1. Be careful to acquaint yourself with the best means of exit from the house both at the top and bottom.

2. On the first alarm, reflect before you act. If in bed at the time, wrap yourself in a blanket, or bedside carpet; open no more doors or windows than are absolutely necessary, and shut every door after you.

3. There is always from eight to twelve inches of pure air close to the ground: if you cannot therefore walk upright through the smoke, drop on your hands and knees, and thus progress. A wetted silk handkerchief, a piece of flannel, or a worsted stocking drawn over the face, permits breathing, and, to a great extent, excludes the smoke.

4. If you can neither make your way upwards nor downwards, get into a front room: if there is a family, see that they are all collected here, and keep the door closed as much as possible, for remember that smoke always follows a draught, and fire always rushes after smoke.

5. On no account throw yourself, or allow others to throw themselves, from the window. If no a.s.sistance is at hand, and you are in extremity, tie the sheets together, and, having fastened one end to some heavy piece of furniture, let down the women and children one by one, by tying the end of the line of sheets round the waist and lowering them through the window that is over the door, rather than through one that is over the area. You can easily let yourself down when the helpless are saved.

6. If a woman's clothes should catch fire, let her instantly roll herself over and over on the ground; if a man be present, let him throw her down and do the like, and then wrap her in a rug, coat, or the first _woollen_ thing that is at hand.

7. Bystanders, the instant they see a fire, should run for the fire-escape, or to the police station if that is nearer, where a "jumping-sheet" is always to be found.

Dancers, and those that are accustomed to wear light muslins and other inflammable articles of clothing, when they are likely to come in contact with the gas, would do well to remember, that by steeping them in a solution of alum they would not be liable to catch fire. If the rule were enforced at theatres, we might avoid any possible recurrence of such a catastrophe as happened at Drury Lane in 1844, when poor Clara Webster was so burnt before the eyes of the audience, that she died in a few days.
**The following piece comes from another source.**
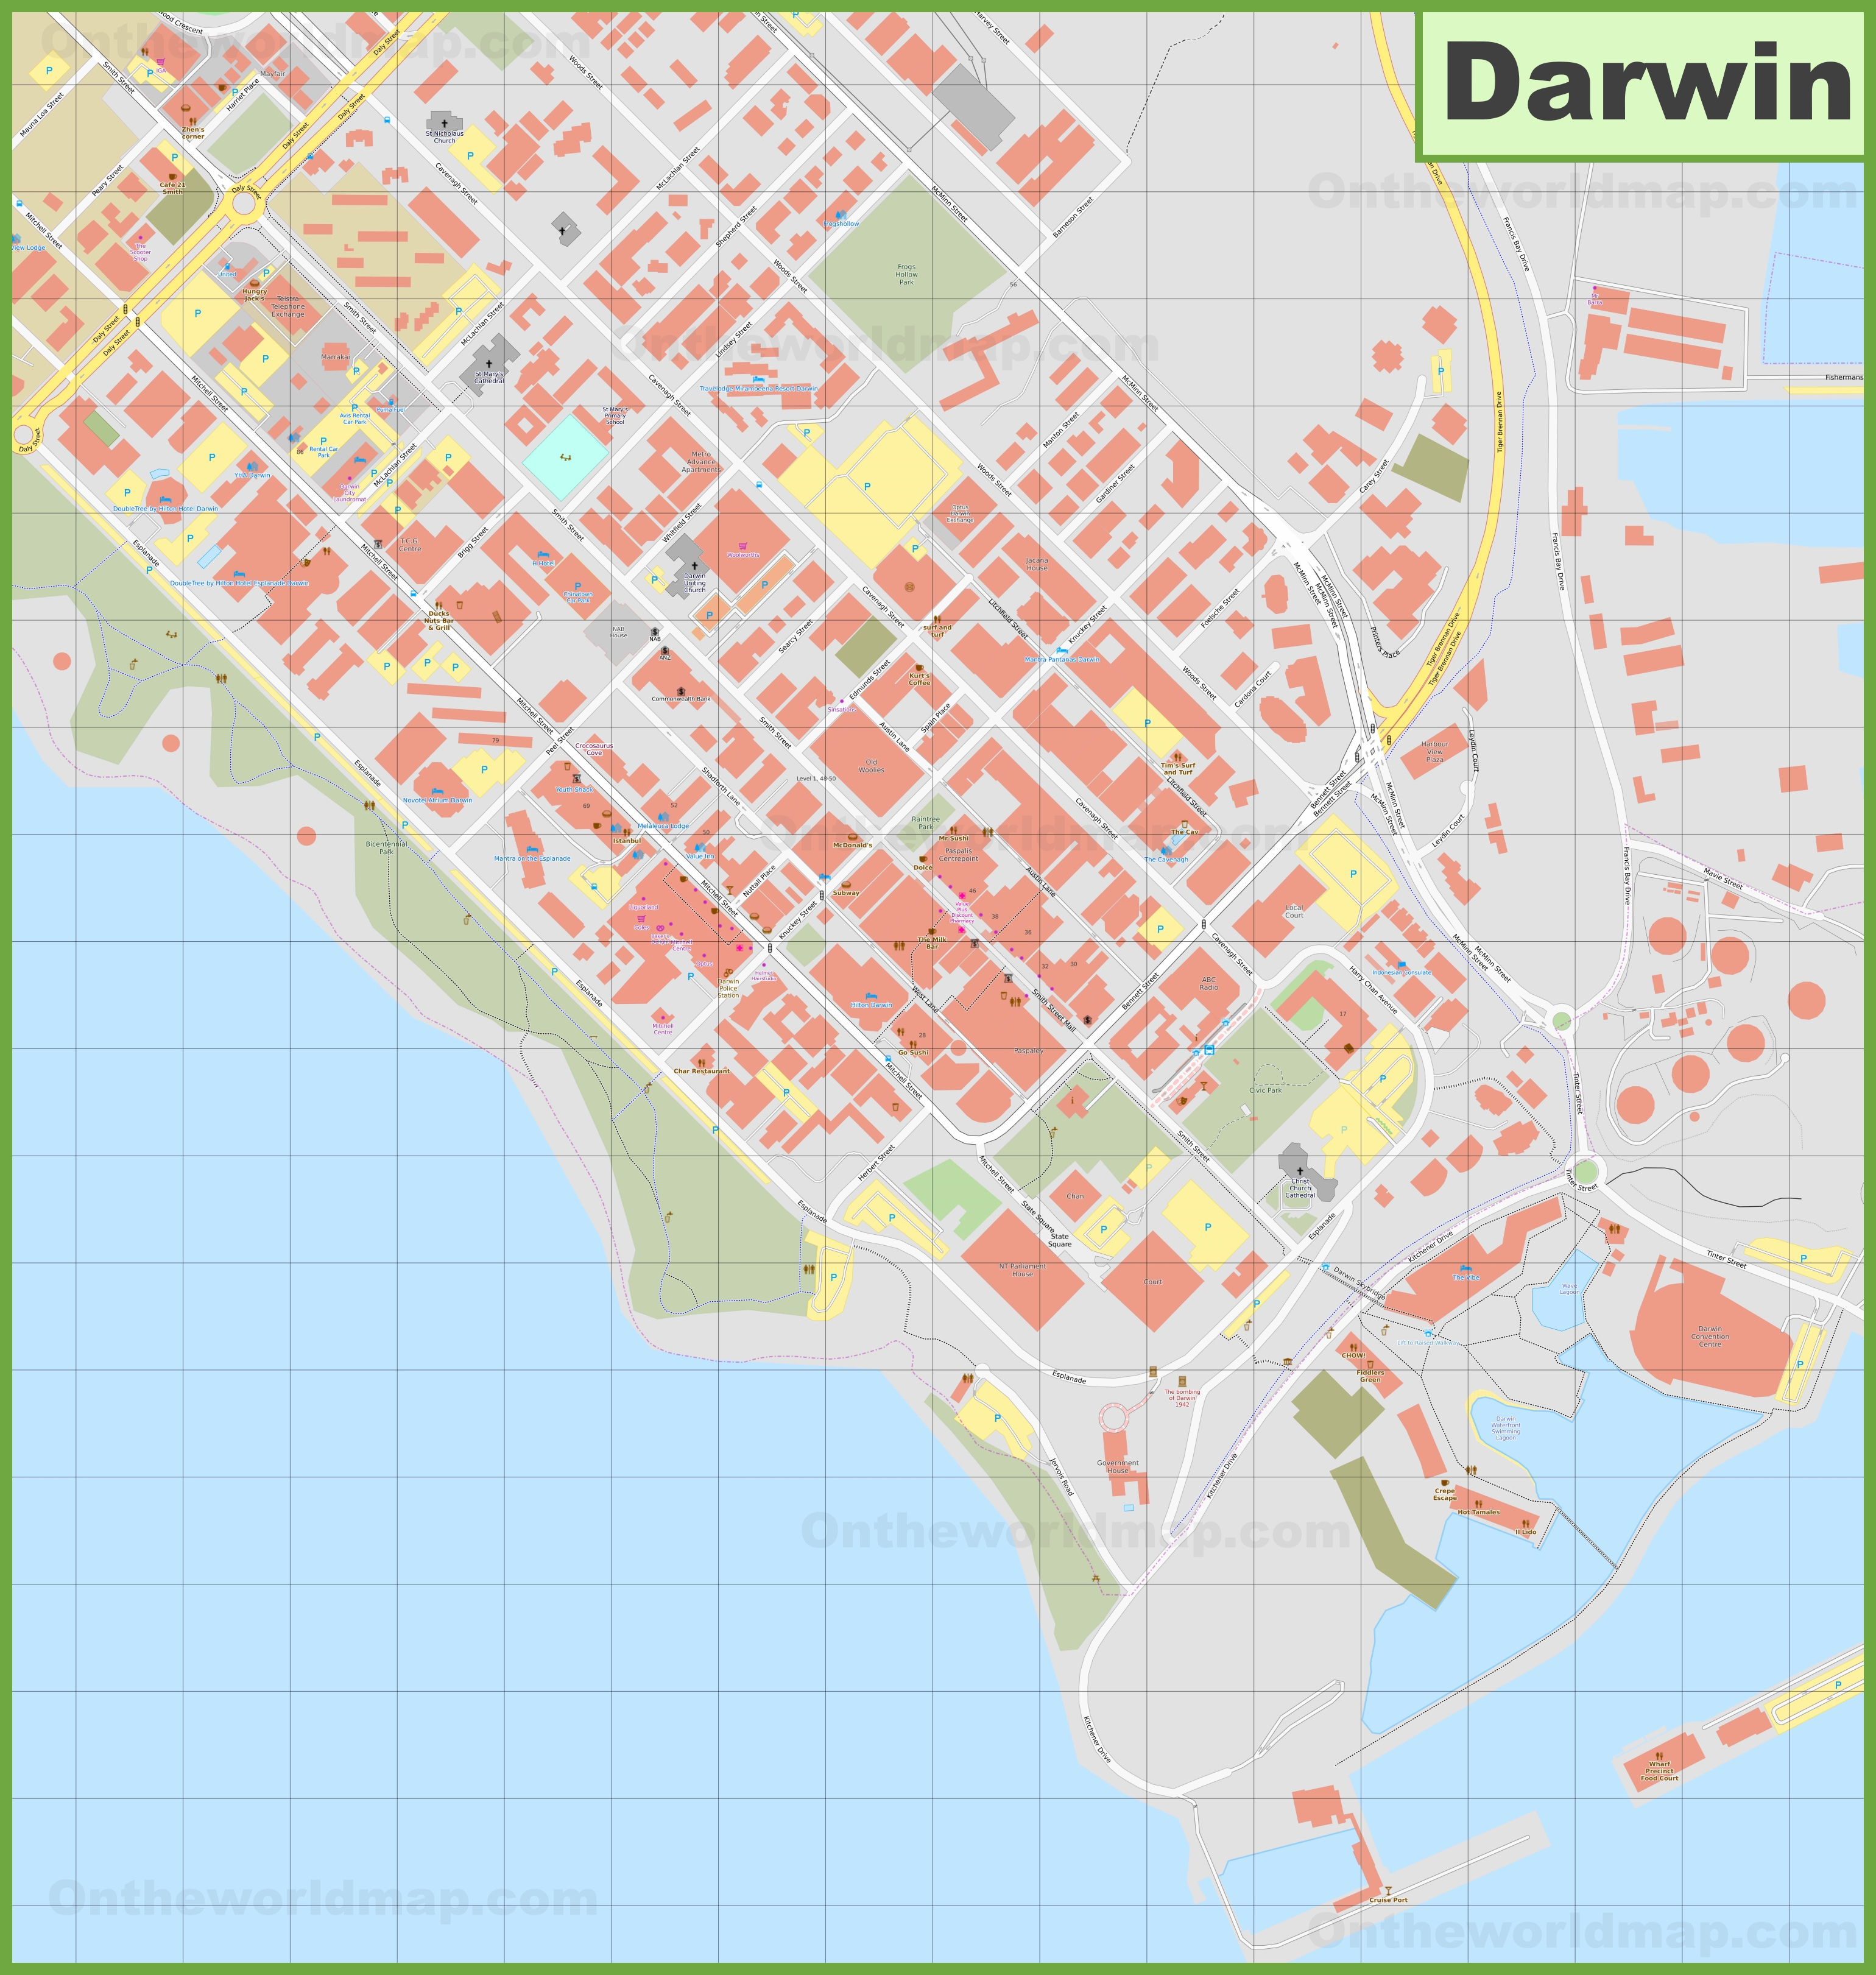 Darwin CBD map

During the twenty-one years that the Brigade has been in existence the firemen have been called out needlessly no less than 1,695 times, often indeed mischievously; for there are some idle people who think it amusing to send the men and engines miles away to imaginary fires. In most cases, however, these false alarms have originated in the over-anxiety of persons, who have hastened to the station for a.s.sistance, deceived by lights which they fancied to be of a suspicious character. Nature herself now and then gives a false alarm, and puts the Brigade to infinite trouble by her vagaries. Not only the men at one station, but nearly half of the entire force, were employed in November, 1835, from 11 P.M. to 6 A.M. on the succeeding morning, in running after the _aurora borealis_. Some of the dozen engines out on that occasion reached as far as Kilburn and Hampstead in search of those evanescent lights, which exactly simulated extensive fires. In the succeeding year the red rays of the rising sun took in some credulous members of the Brigade, and led them with their engines full swing along the Commercial and Mile-End Roads. Whilst on this false scent they came upon a real fire, which, although inferior to great Sol himself in grandeur, was far more remunerative, as the G.o.d of Morning knows nothing about rewards to first, second, and third engines.
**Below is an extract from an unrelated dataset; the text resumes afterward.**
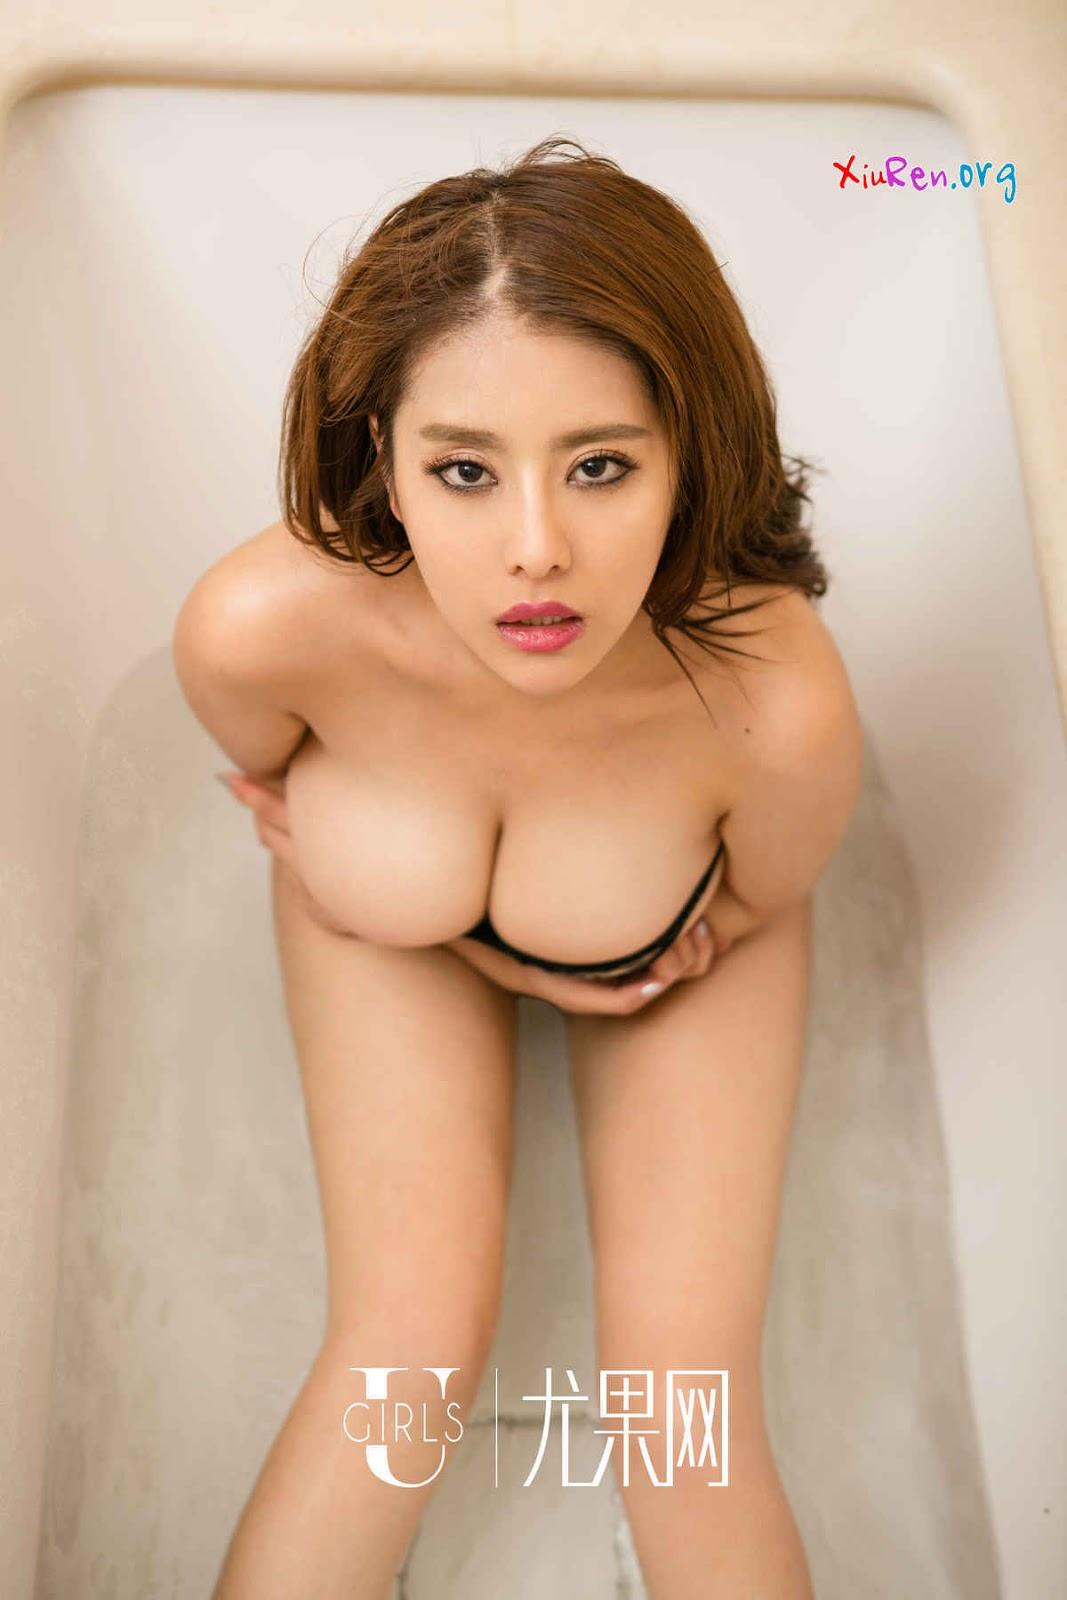 Chinese Boobies Wang Ying 王莹 Ugirls 179 (65 Pict)

The most remarkable and universal false alarm caused by the play of the northern lights was in the autumn of this same year, when the whole north-eastern horizon seemed possessed by an angry conflagration, from which huge clouds of smoke appeared to roll away. On this occasion the public, as well as the firemen, were deceived: crowds poured forth from the West-end on foot and in carriages to see what they imagined to be a grand effect of the "devouring element;" and thirteen engines turned out with the full impression that a whole suburb of the metropolis was in flames.